#### [Available data]
◇ ◇ ◇

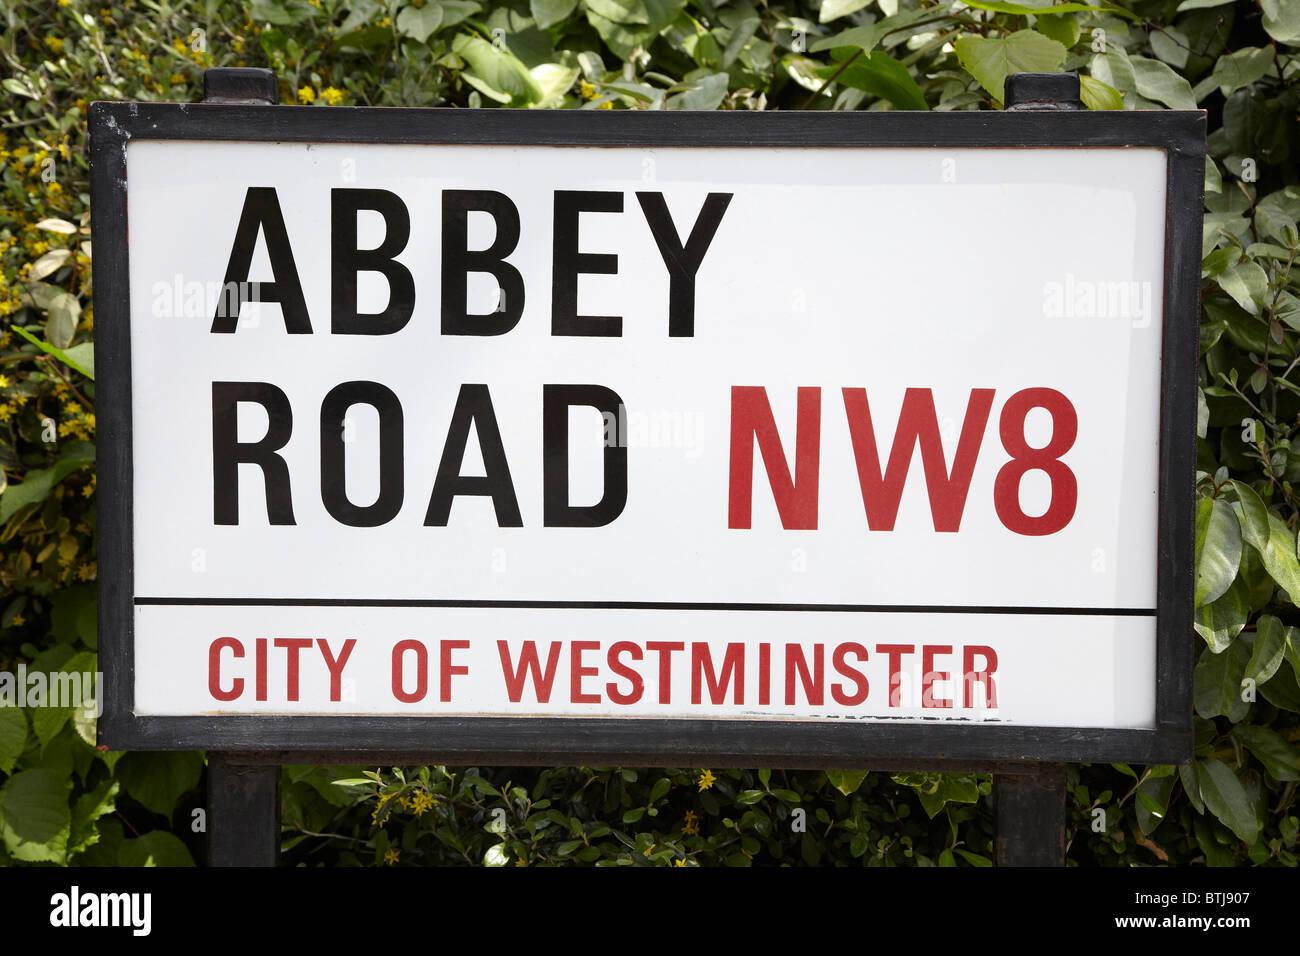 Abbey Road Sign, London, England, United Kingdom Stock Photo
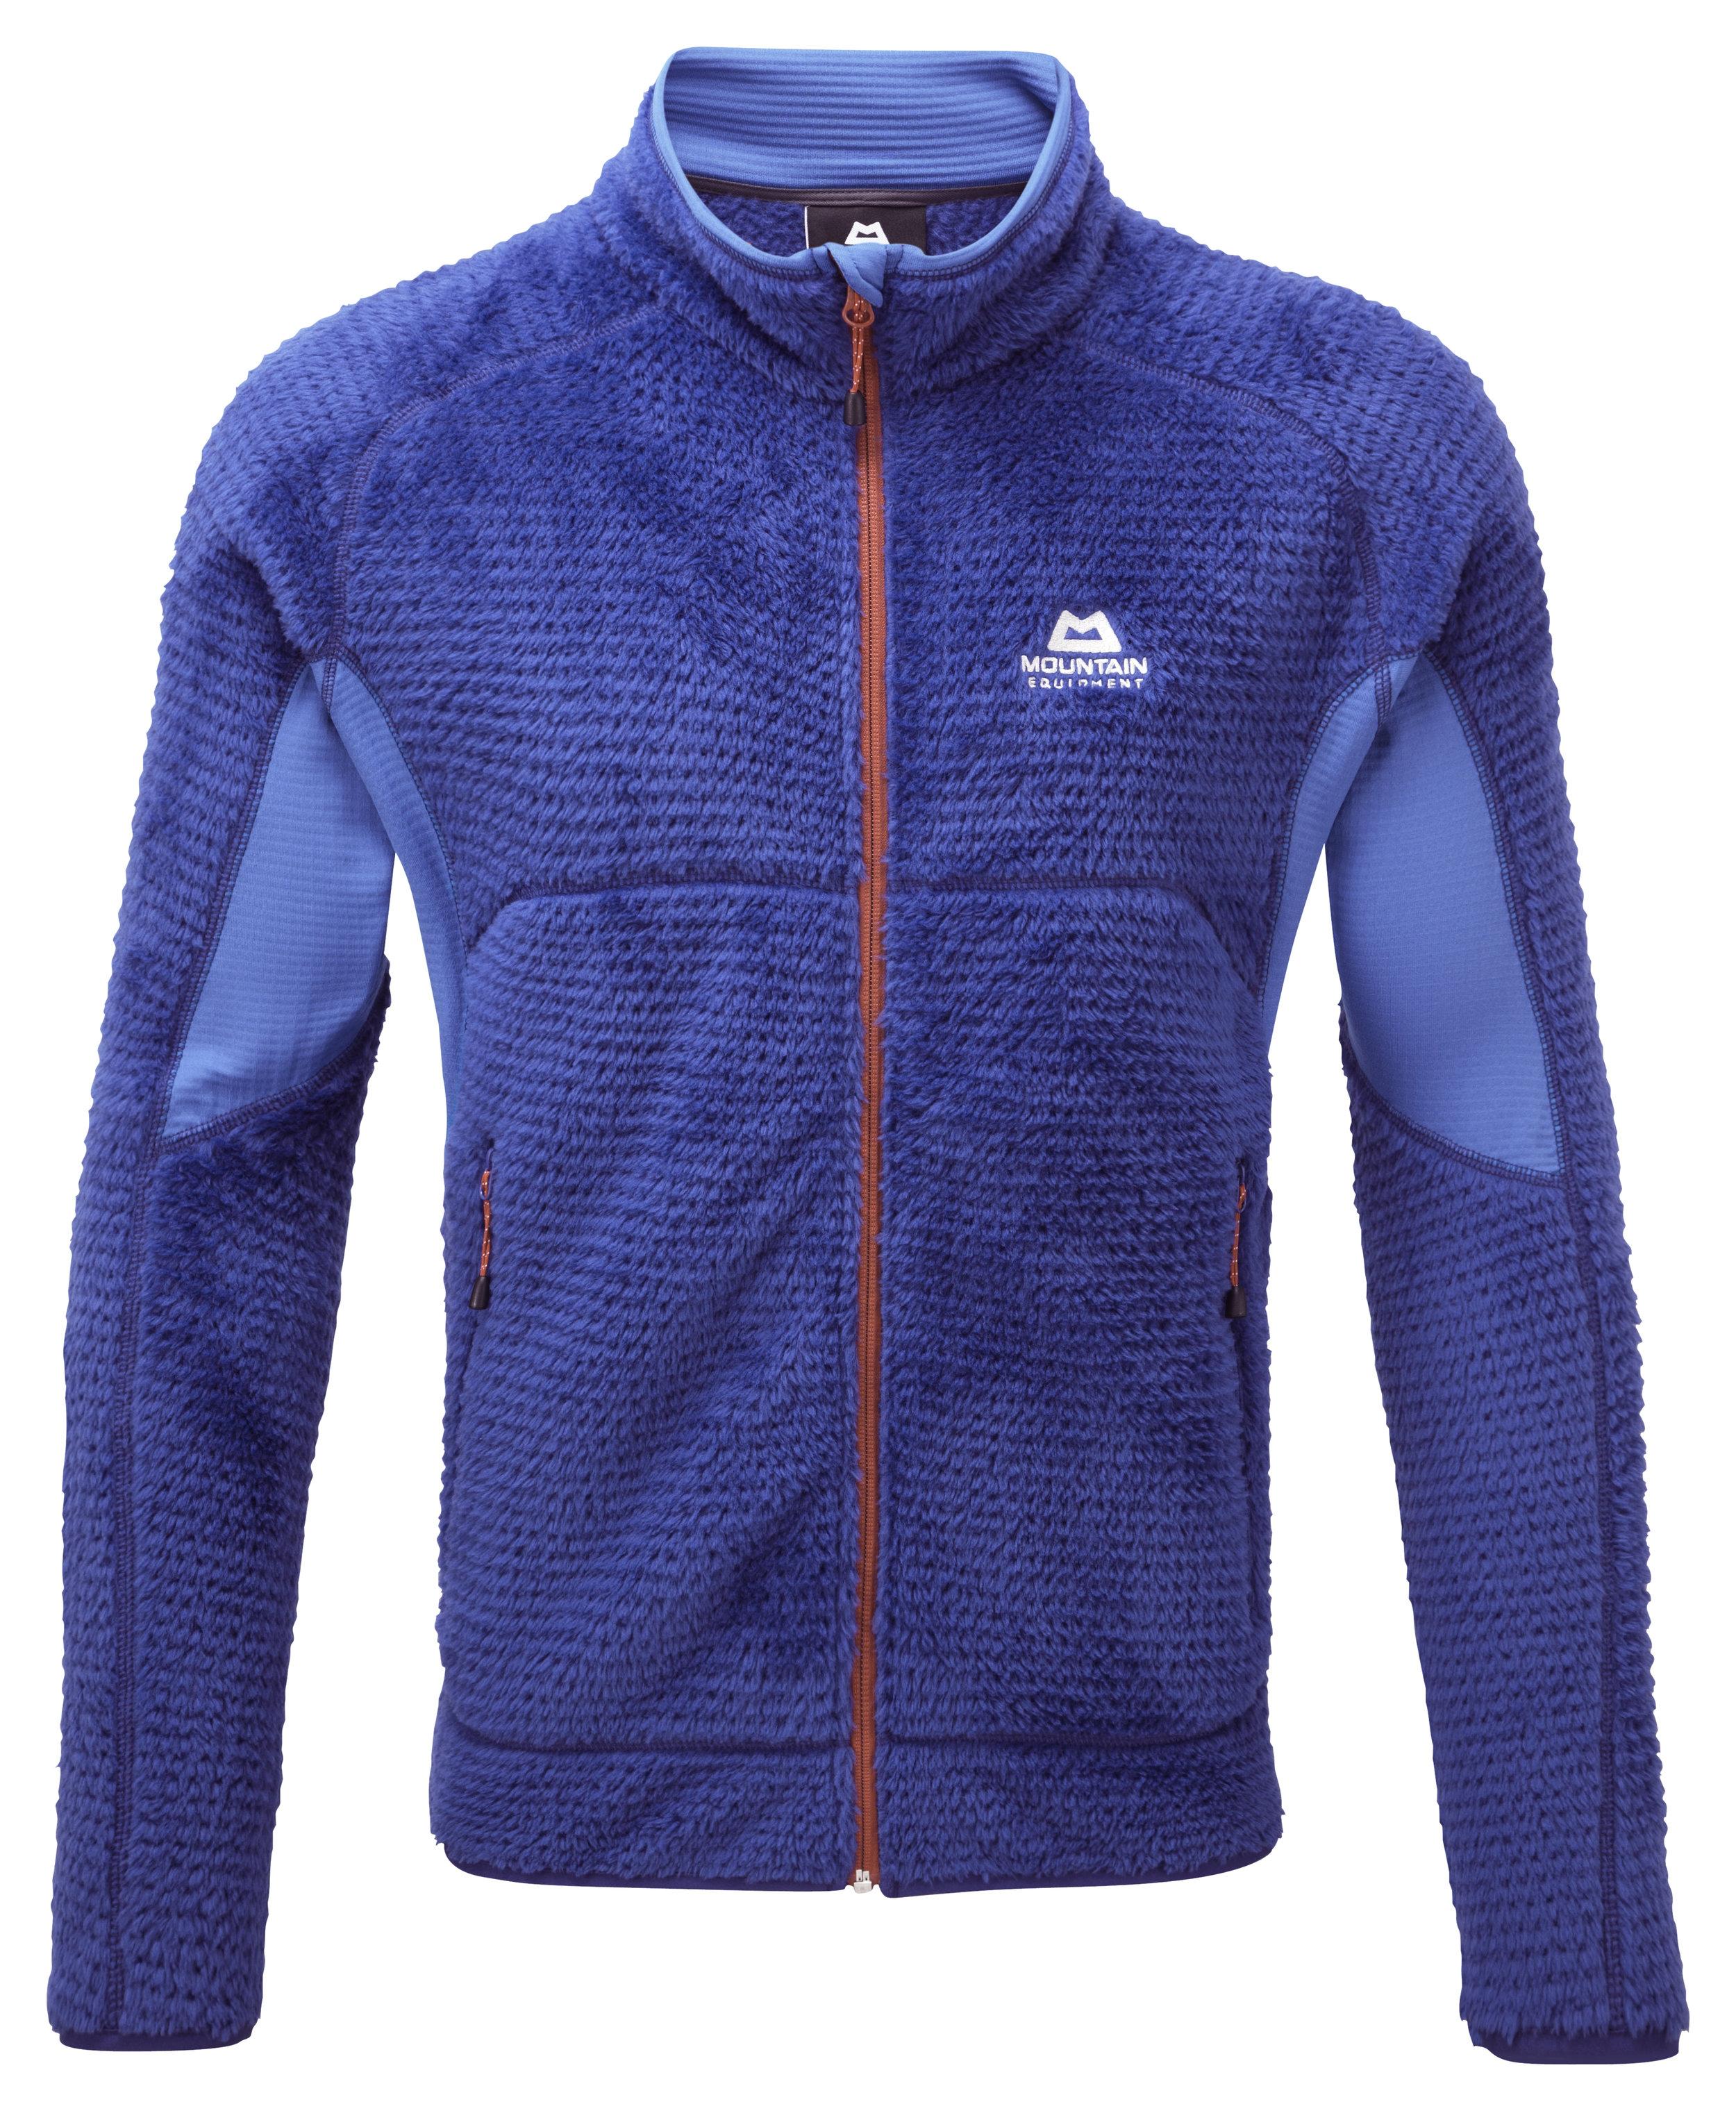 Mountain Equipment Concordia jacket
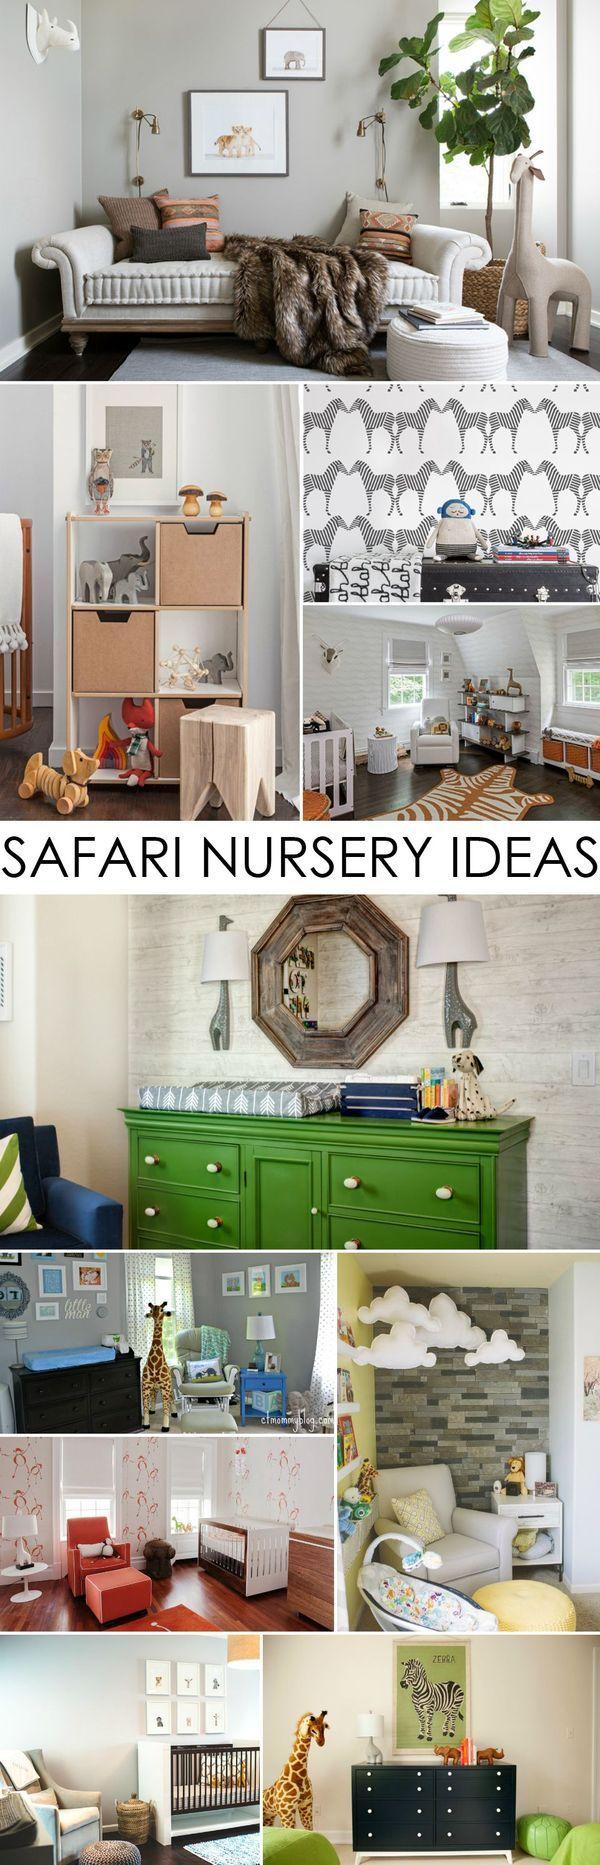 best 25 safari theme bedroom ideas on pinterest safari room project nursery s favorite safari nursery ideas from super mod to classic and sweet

◇ ◇ ◇

#### [Task directions]
Everything from the line containing "Mountain Equipment Concordia jacket" to the last line of the listing above must be reproduced exactly, with no pictures included.

#### [Answer box]
 Mountain Equipment Concordia jacket
 best 25 safari theme bedroom ideas on pinterest safari room project nursery s favorite safari nursery ideas from super mod to classic and sweet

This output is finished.